Все эти дни повсюду абсолютно доминировала огромная фигура Штольца и его могучий голос. Одет он был в русский овчинный тулуп с огромным меховым воротником, закрывавшим почти всю его голову. Вся одежда, которой он располагал, была на нем, что увеличивало его и без того немалые габариты до размеров средней величины шкафа. Вообще все мы, казалось, раздулись до громадных размеров и чудовищной силищи. Все офицеры нашего батальона, за исключением Кагенека, маленького Беккера и меня, были и без того, как на подбор, не менее 180 сантиметров роста, но даже маленький коренастый Беккер вырос, казалось, до просто-таки гигантских размеров.
Перед тем как оставить Горки, я тщательно закрыл наш перевязочный пункт, как будто надеялся еще вернуться сюда. Лучше всех, буквально не покладая рук, работал Фризе, да и фельдфебель со шрамом на лбу оказался очень ценным помощником. К отправке в тыловой госпиталь ими было подготовлено в Горках более трех сотен (!) раненых. Колоссальная нагрузка легла, конечно, на плечи и оберштабсарцта Штольца вместе со штабсарцтом Лоренцом, поскольку они не только сумели оказать всю посильную помощь сотням и сотням раненых, но также обеспечили их благополучную транспортировку дальше в тыл, невзирая на жесточайшие погодные условия.

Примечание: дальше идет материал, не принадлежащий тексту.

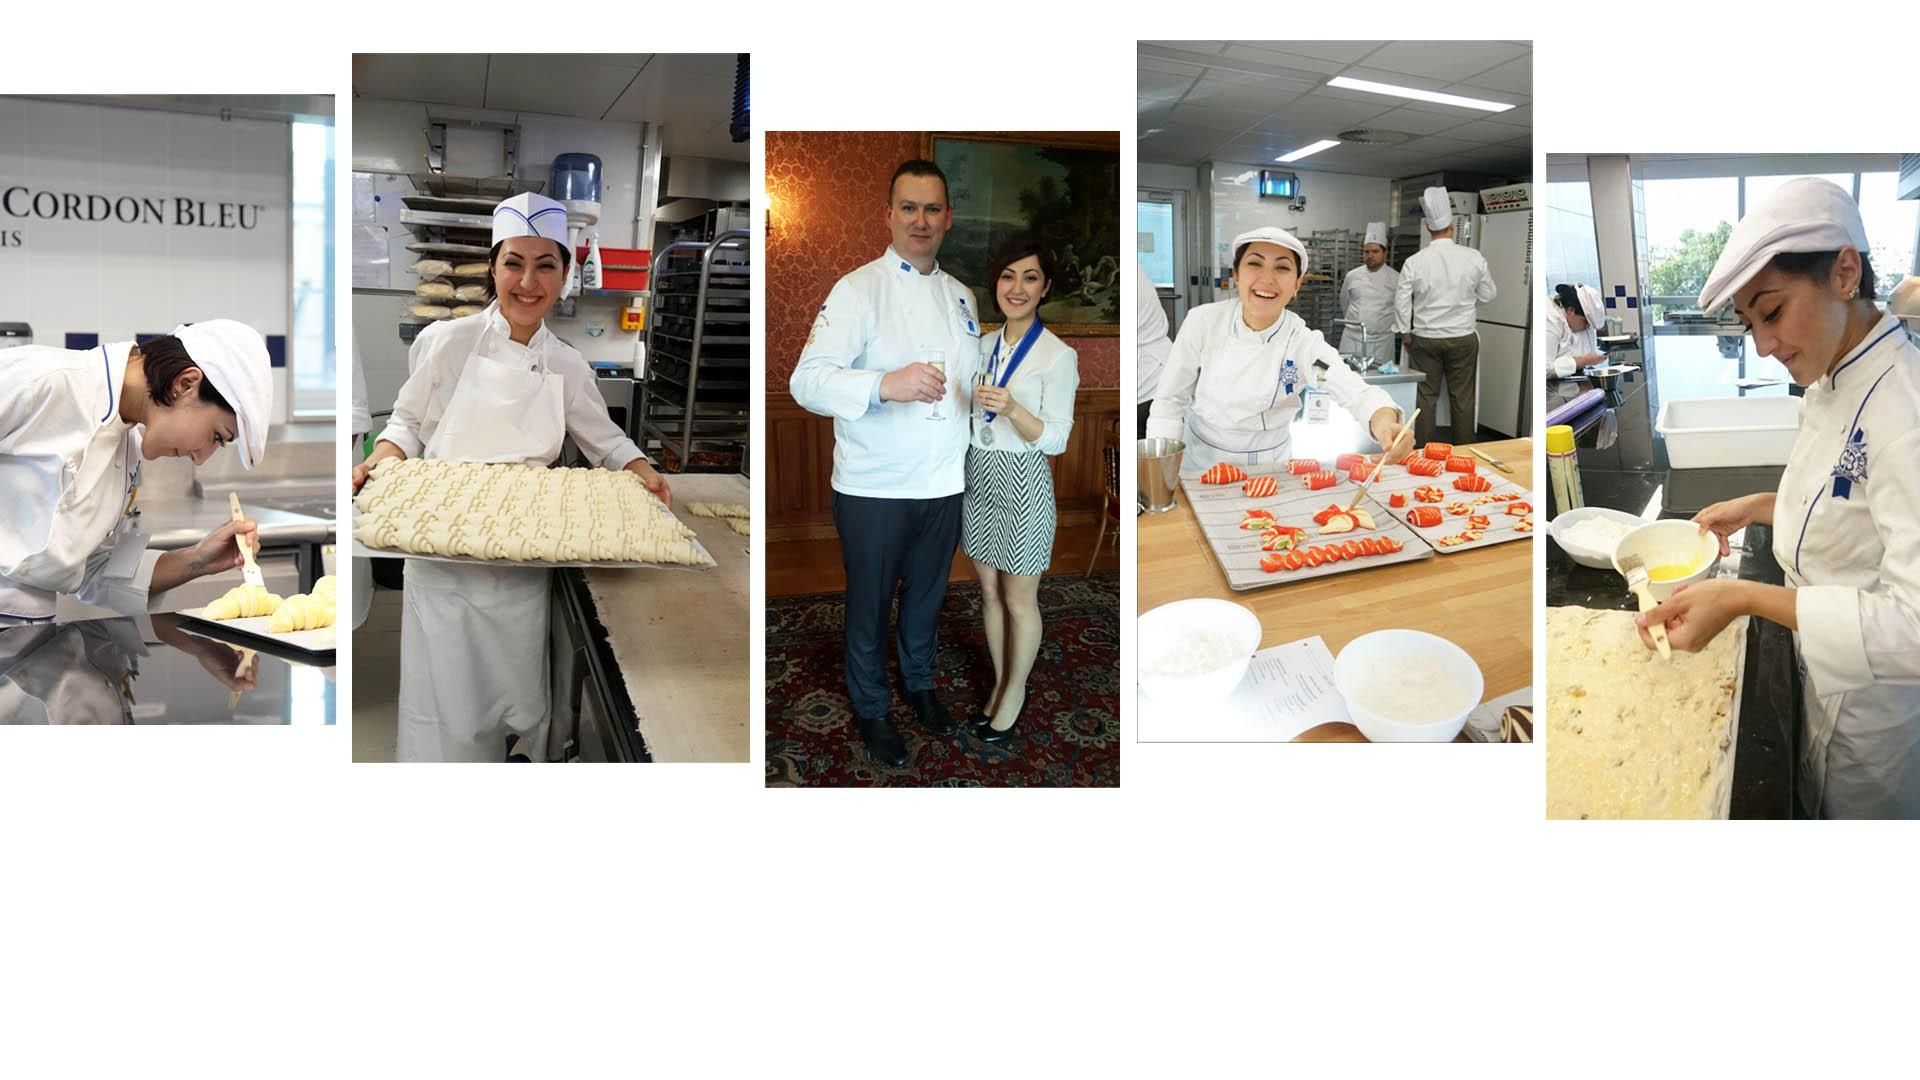 Merve Armagan Diplome de Boulangerie 2017

Мы отступали по направлению к Старице и Ржеву, на подступах к которым должны были занять для наших зимних оборонительных позиций так называемую «Кёнигсбергскую линию». Одолеваемые сомнениями, мы бесконечно расспрашивали друг друга о том, существует ли такая линия в действительности или нет и кто должен подготовить эти самые зимние позиции. «Отступать медленно, всемерно удерживая при этом врага, — гласил приказ, — чтобы дать вашим товарищам в тылу время на подготовку оборонительных укреплений». Мы очень надеялись на то, что эти наши товарищи в тылу действительно существовали и что они на самом деле сооружали для нас оборонительные укрепления.
Нашу часть «контракта» мы выполняли сполна. Мы отступали медленно и мы удерживали врага. День за днем, по нескольку раз на день мы отчаянно противостояли следовавшим одна за другой атакам Красной Армии, а Жуков все бросал и бросал на нас дивизию за дивизией сибиряков, не считаясь при этом ни с какими потерями. Наши люди сражались и умирали. Не слишком помногу за раз, но после каждой атаки русских мы с болью в душе замечали новые освободившиеся пустоты в строю, а вечером у полевой кухни отмечали про себя отсутствие еще нескольких знакомых лиц. Совсем еще молодые парни сражались плечом к плечу со своими старшими и более опытными товарищами и испускали последнее дыхание, так и не успев еще толком пожить.
Хоронили их в «могилах», наскоро выкопанных прямо в глубоком снегу. В те дни не было времени даже на то, чтобы сколотить простенькие березовые кресты. Обычная похоронная церемония воспринималась в тех условиях как издевательский фарс: тела погибших было практически невозможно предать матери-земле. Уже через час после наступления смерти труп не просто коченел, но промерзал до твердости орудийного ствола. Примерно в таком же состоянии была и сама земля. Приходилось закапывать эти окаменевшие мумии просто в снег, а уж там им предстояло дожидаться, когда весенние оттепели растопят над ними этот ледяной погребальный склеп.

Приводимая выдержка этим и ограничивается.